The first seconds of this film set the world, one that is extraordinary. We see a closeup of a tiny needle being perfectly threaded. We see an enormous closeup of that needle piercing virginal white fabric. We slowly work to the situation of the woman involved. She is the narrator, the maker. This is a movie that goes in my database of "cloth" films, because the use of cloth is basic.

There is short preliminary, a short courting. It is not from Austin, where strong soulmates bond, just two ordinary souls. But when they kiss, we have one of the two sublime scenes. She lays on her bed (the location of which carries great significance). A white curtain blows seductively over her. Her similar white dress has the wind lifting it and awakening underneath. This is absolutely breathtaking.

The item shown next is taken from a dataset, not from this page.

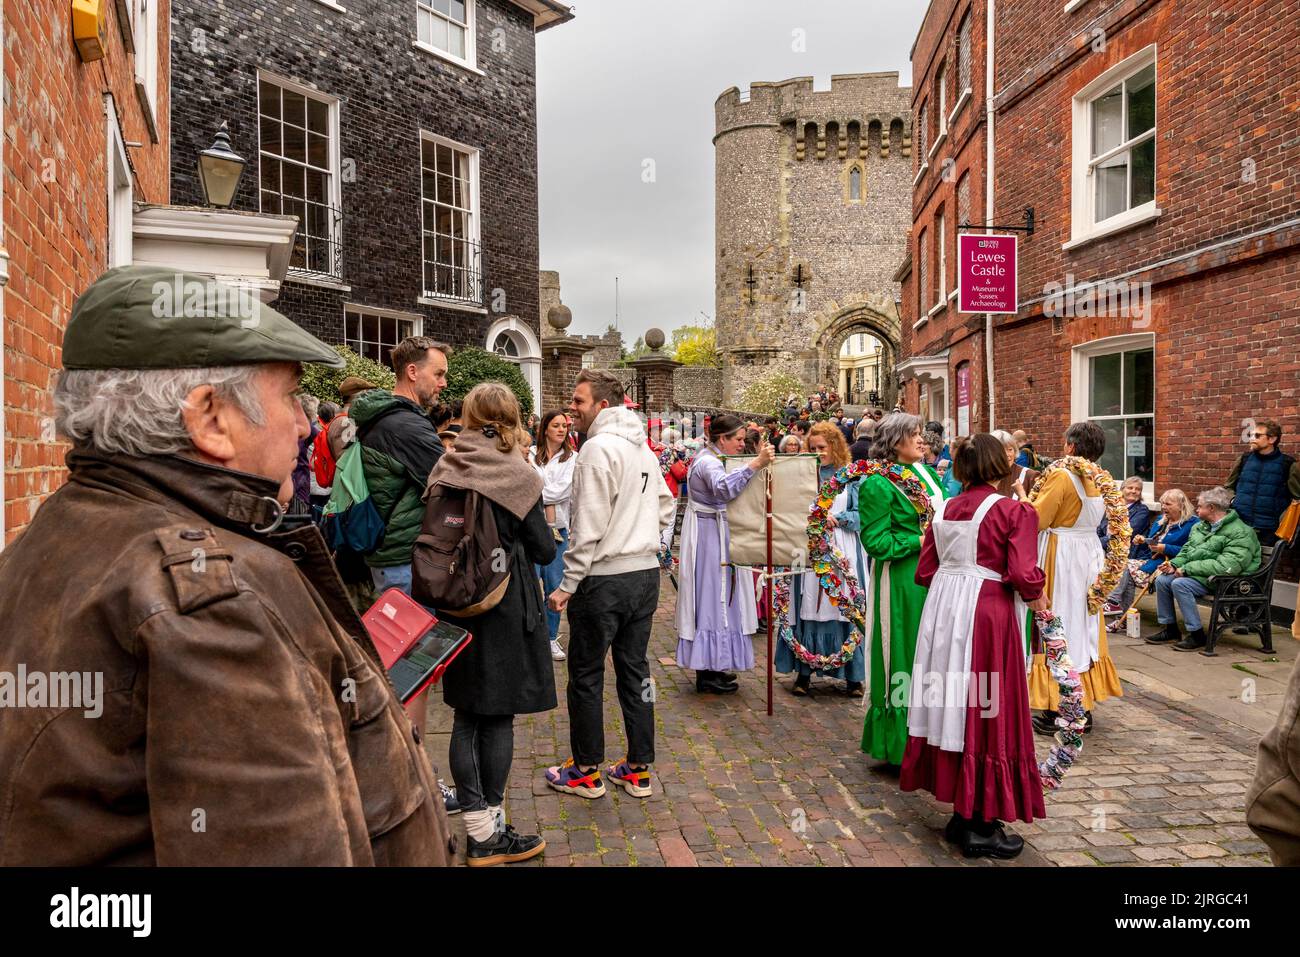 The Knots Of May Female Morris Dancers Wait Outside Lewes Castle To Take Part In The Annual Garland Day Parade, Lewes, East Sussex, UK. Stock Photo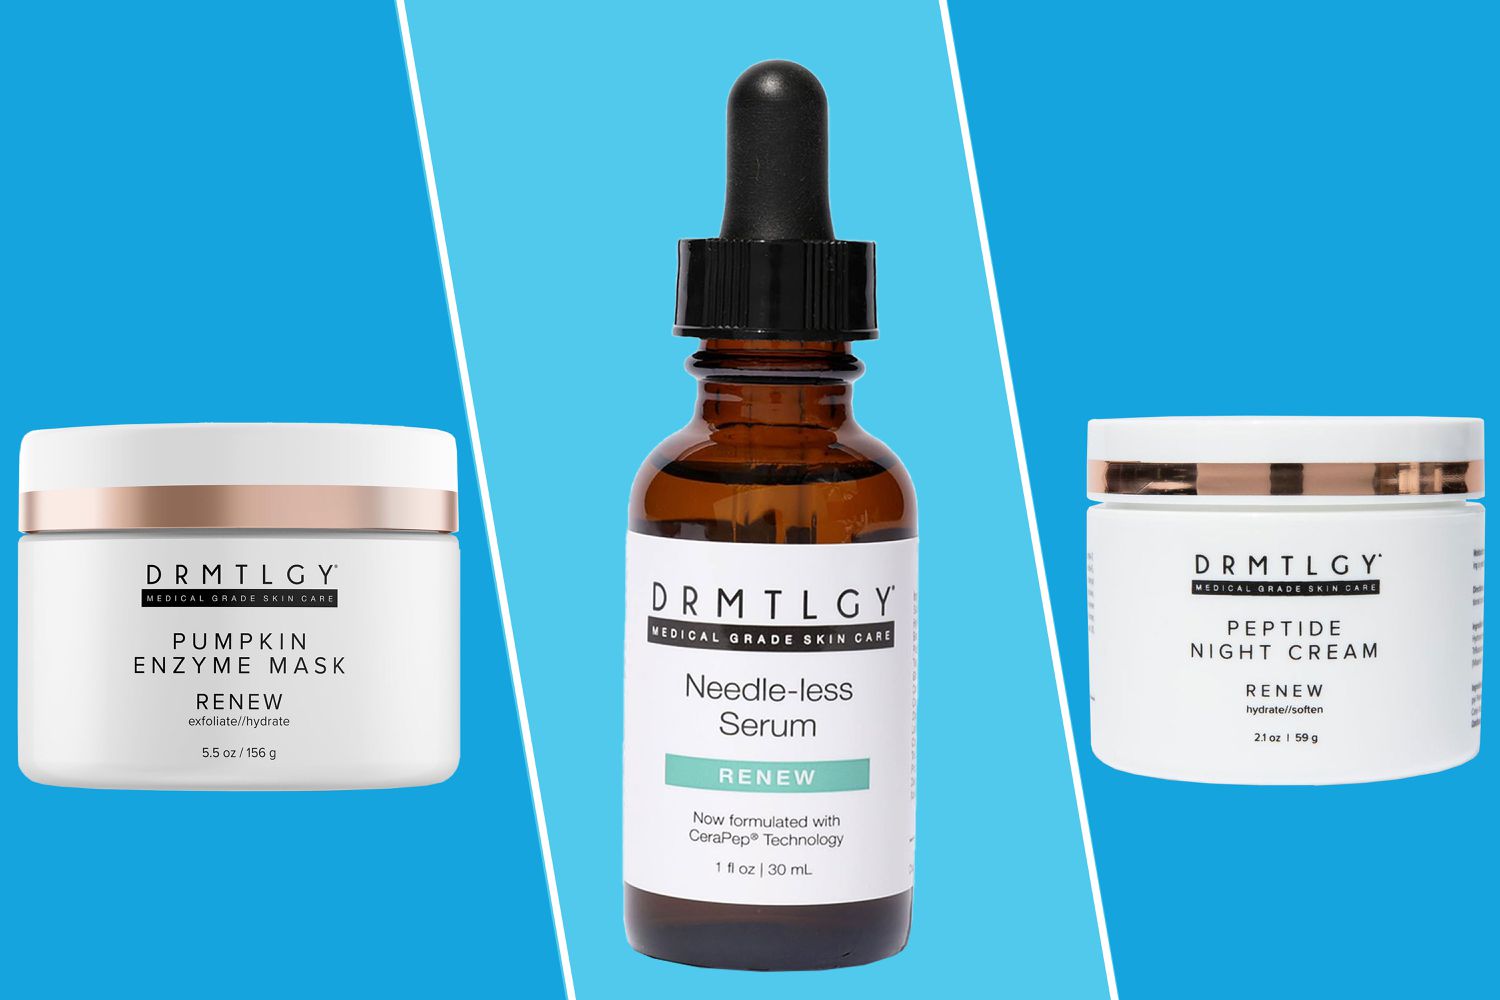 My 52-Year-Old Mom Swears by Drmtlgy Skincare for Her Healthy Skin [Video]

A second sequence may seem too heavy for most. Her love goes away and she is forlorn. He writes an amazing letter, thus beginning his great period. Butterflies are mentioned. So she fills her room with butterflies. These somehow actually perform as part of the fabric-ed space, participating as if directed. Oh no! She gets a letter cutting off futures, and the butterflies die, to be swept into bins. If ever there was a romantic cinematic environment, this is it, the butter-feathered bedroom, where words feed image.

The little sister, perhaps ten and named Toots, is patterned after Tootie in "Meet Me in St Louis," redhead, precocious, and romanticized beyond all else. She is a sort of emissary into innocence, anchoring the ideals this elicits but does not exploit. Ms Campion, thank you. A movie about love that makes love. Thank you.

Ted's Evaluation -- 3 of 3: Worth watching.